I think about things my wife and I enjoy presently. We love to sing for the senior citizens at a local nursing home. I take my guitar, and we sing old church hymns in duet. And every so often, our choir director asks us to sing during Sunday worship. During the Christmas season, Ana Maria and I help the Salvation Army by dressing in old 1860′s attire and ringing the bell. We sing Christmas carols right there on the sidewalk! We love all of this! And this is what got me thinking. We take for granted that we will always maintain the health and stamina to get out and go places, singing and telling others about the Lord. But there may come a day when we no longer are able to get out to the nursing home, or get up and sing at church. We may be the recipients of someone else’s kindness and music.

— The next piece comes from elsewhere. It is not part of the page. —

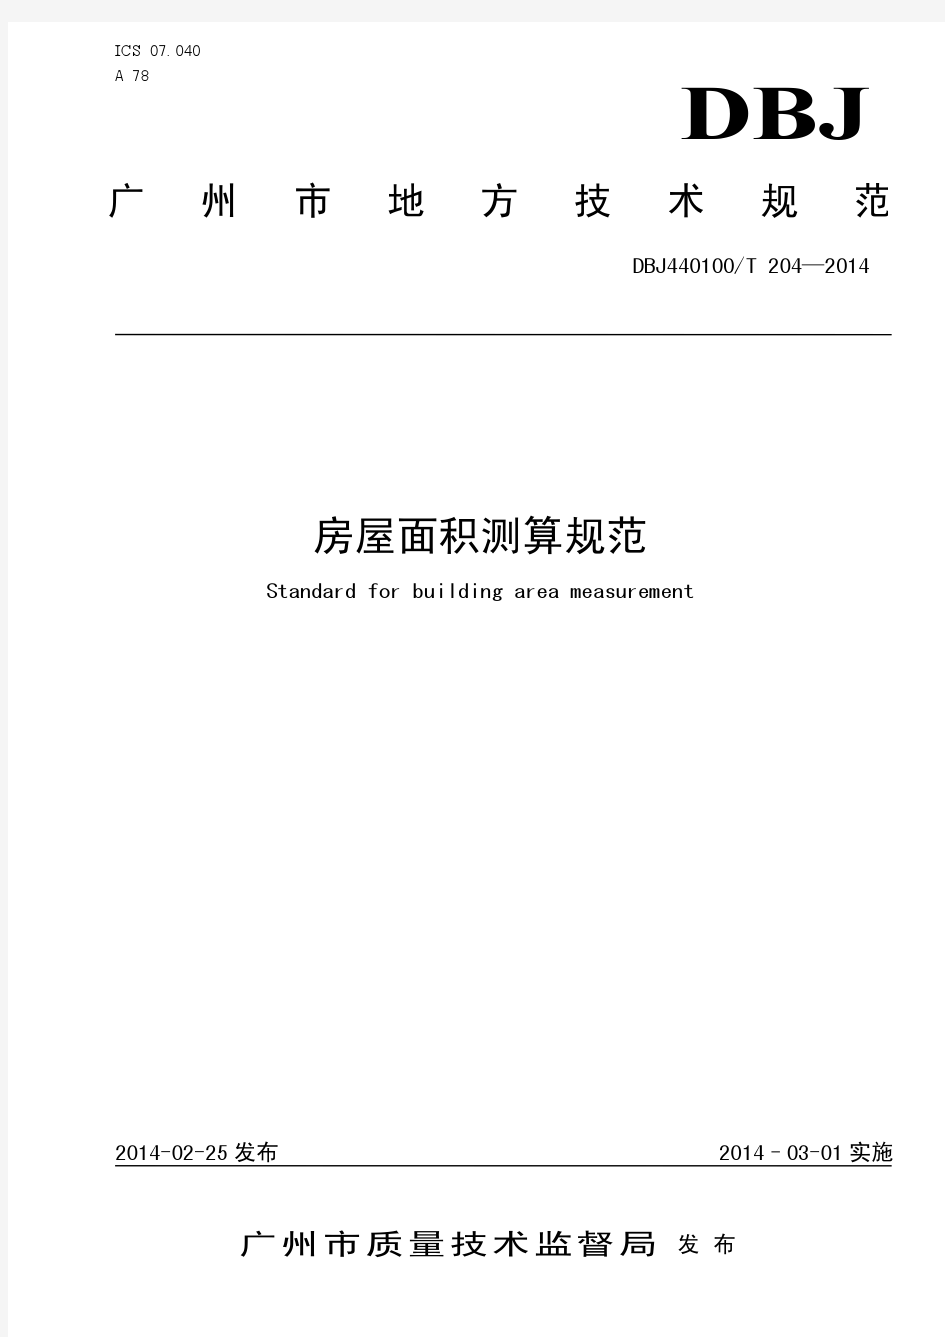 广州市房屋面积测算规范(正式发布版)(2014.3)

Ana Maria and I are now in our 50′s. These are good years. We do our best to stay active and serve the Lord each day with the strenghth and time He gives us. I love where we are, but I know that things will not remain the same. However, this is no cause to be discouraged! We keep moving with steady anticipation toward that day – that day when we meet Him in the air and appear with Him at His coming! Things will definitely no longer be the same!
Michael, I loved reading this and it is so true. Often we take granted that things will stay the same. And too often as I have done, we take people for granted. In the last few weeks i have lost 2 loved ones to death. I had not seen them for a long time and always put off seeing them and said well there is always tomorrow. And now there will never be a tomorrow for them or a second chance for me to tell them what they meant to me. It hurts and yet i have somebody really dear to me who i love and she takes me for granted and shuts me out of her life constantly. She takes for granted I will always be here. I miss you and Ana. You two are such dear friends. God Bless and stay in touch.